Mes chaussons néoprène ont crissé sur le sable humide au pied du Phare des Baleines, et j'ai tout de suite senti le pied travailler autrement. Depuis la région de Poitiers, j'ai fait trois heures de route jusqu'à cette côte pour cinq sorties, avec deux paires proches au premier regard. En tant que rédactrice spécialisée pour magazine nautique (Akwaba), j'ai voulu vérifier ce que le sable changeait vraiment dans la tenue, le froid et les appuis. J'étais sûre de moi au départ, puis j'ai vite vu le col parler plus fort que la semelle.

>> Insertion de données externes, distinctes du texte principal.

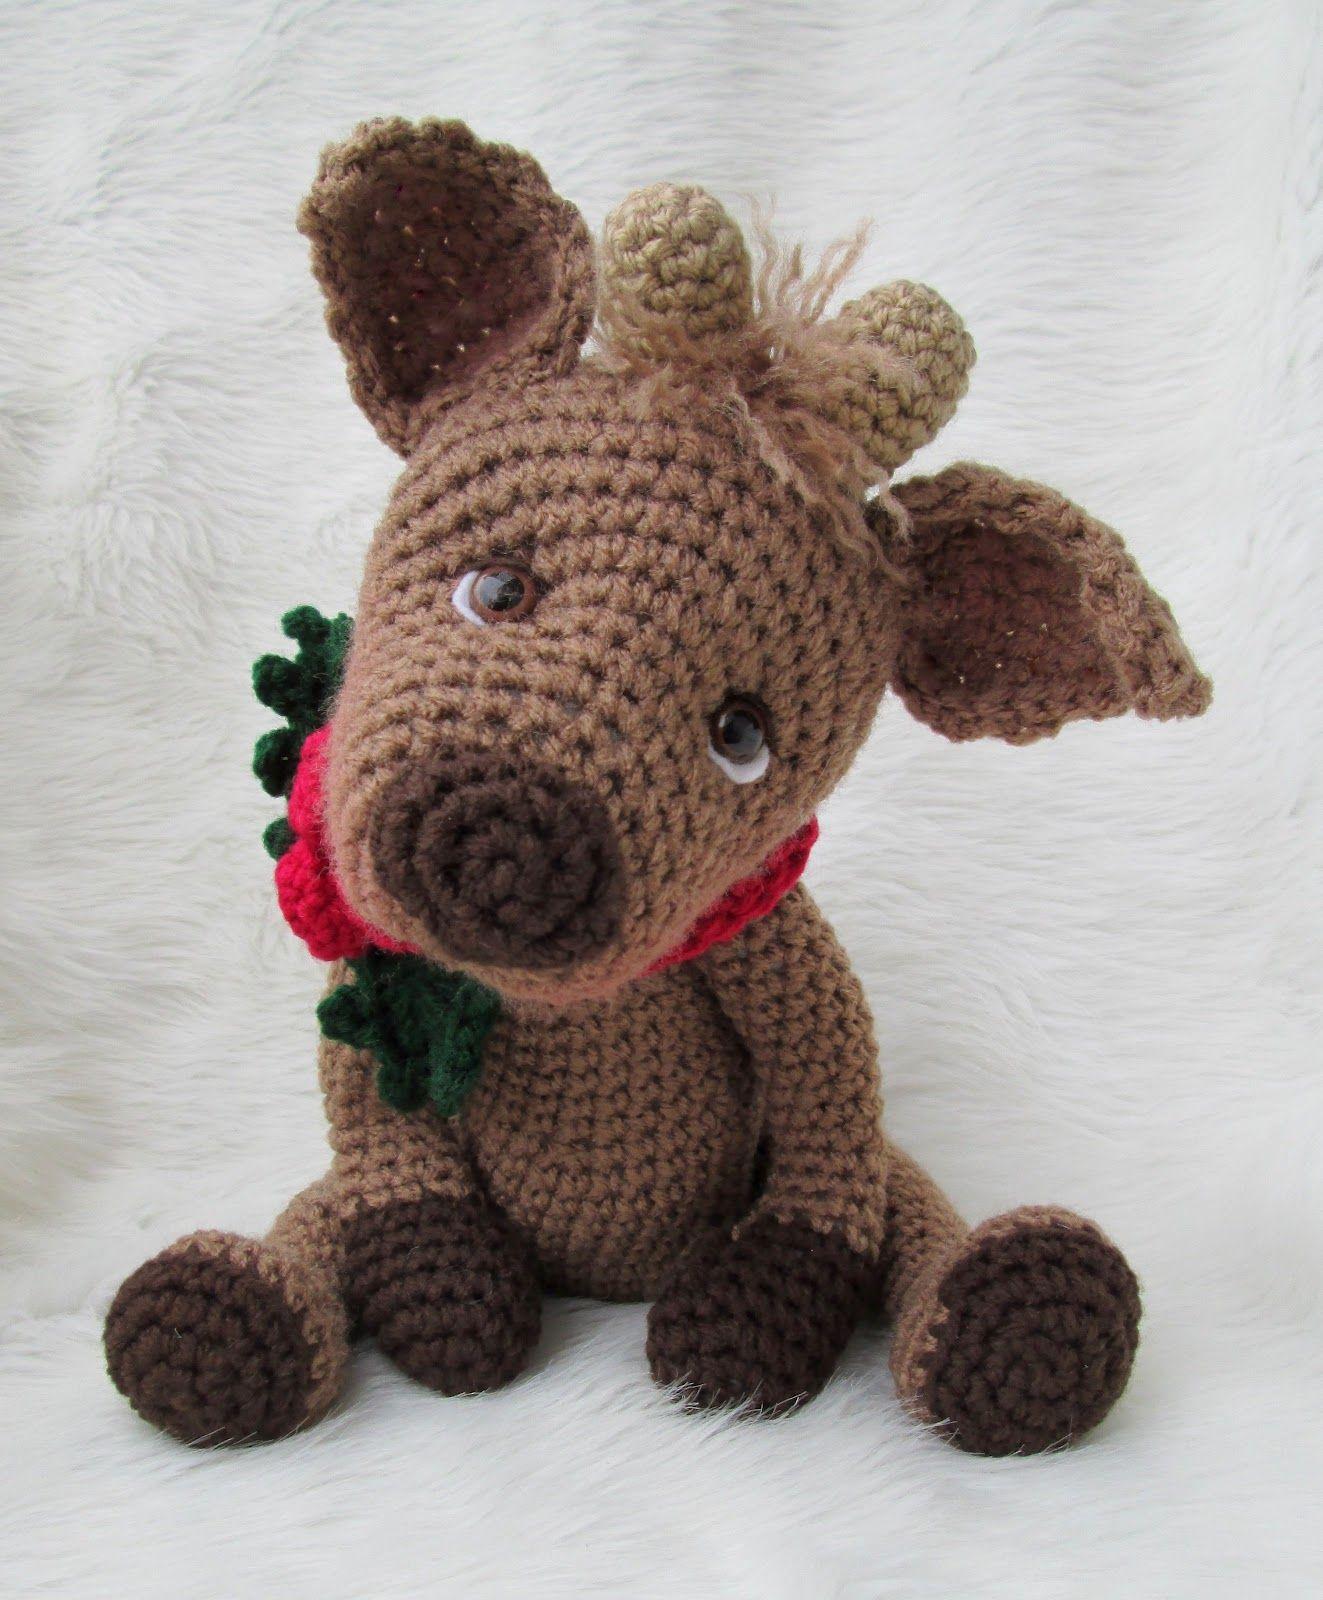 Free Christmas Crochet Patterns | Free crochet, Crochet and Patterns

Comment j’ai organisé mes sorties et ce que je voulais vraiment tester
Je suis partie sur des sorties d'1h30, avec 14 minutes de marche d'approche sur galets et sable fin. Avec mon compagnon, je peux organiser plus facilement ces créneaux courts. Cela me laisse concentrée sur la marche, les appuis et le retour au sec. Depuis 12 ans chez Akwaba, je note vite la différence entre une sensation de confort et un vrai maintien. Ici, je voulais surtout voir ce que le bord impose au pied quand le terrain change sous la semelle.

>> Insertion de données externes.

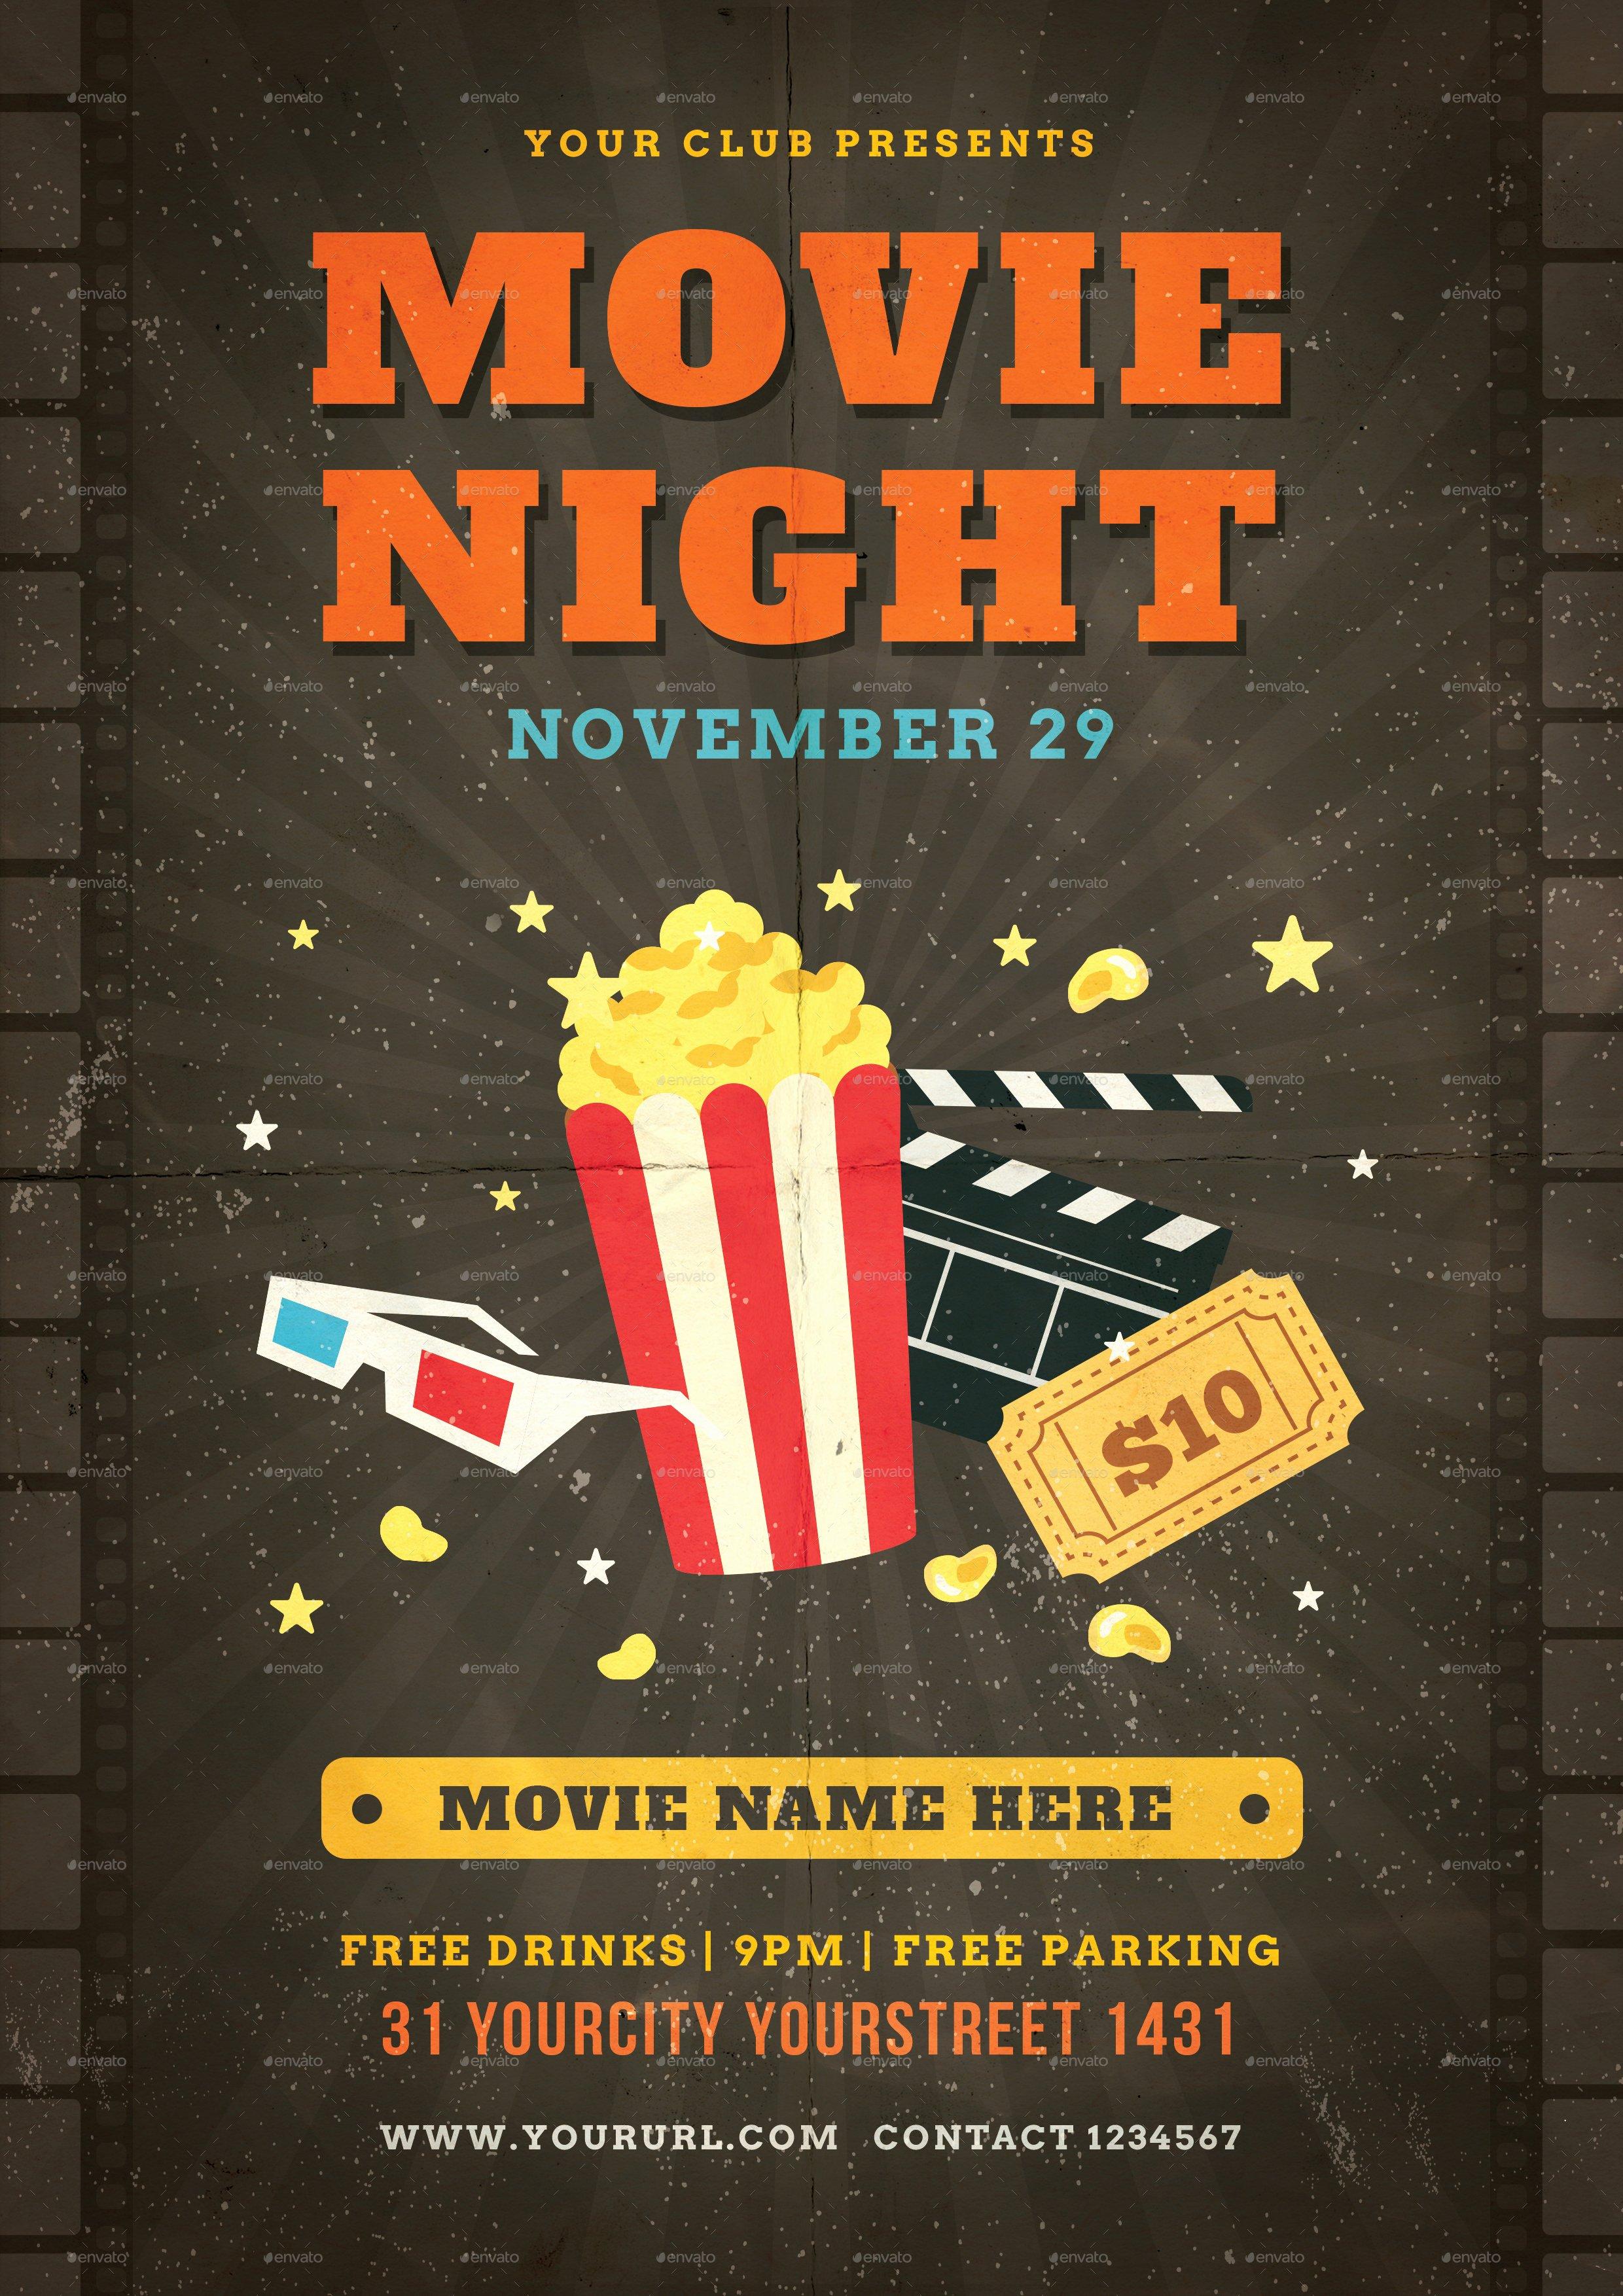 Movie Night Flyer Templates Inspirational Movie Night Flyer by Infinite

J'ai choisi une Beuchat 3 mm à 45 euros et une Cressi 5 mm à 60 euros, parce qu'au premier enfilage elles semblaient proches. Mes années passées près de l’eau à La Rochelle m'a appris à regarder la semelle, le col et la couture du gros orteil, pas seulement l'épaisseur annoncée. J'ai pris la plus fine pour voir si la souplesse gagnait du terrain, et la plus épaisse pour voir si la protection changeait vraiment la marche. Les deux avaient un maintien de cheville différent, et c'est ce point qui m'intéressait le plus.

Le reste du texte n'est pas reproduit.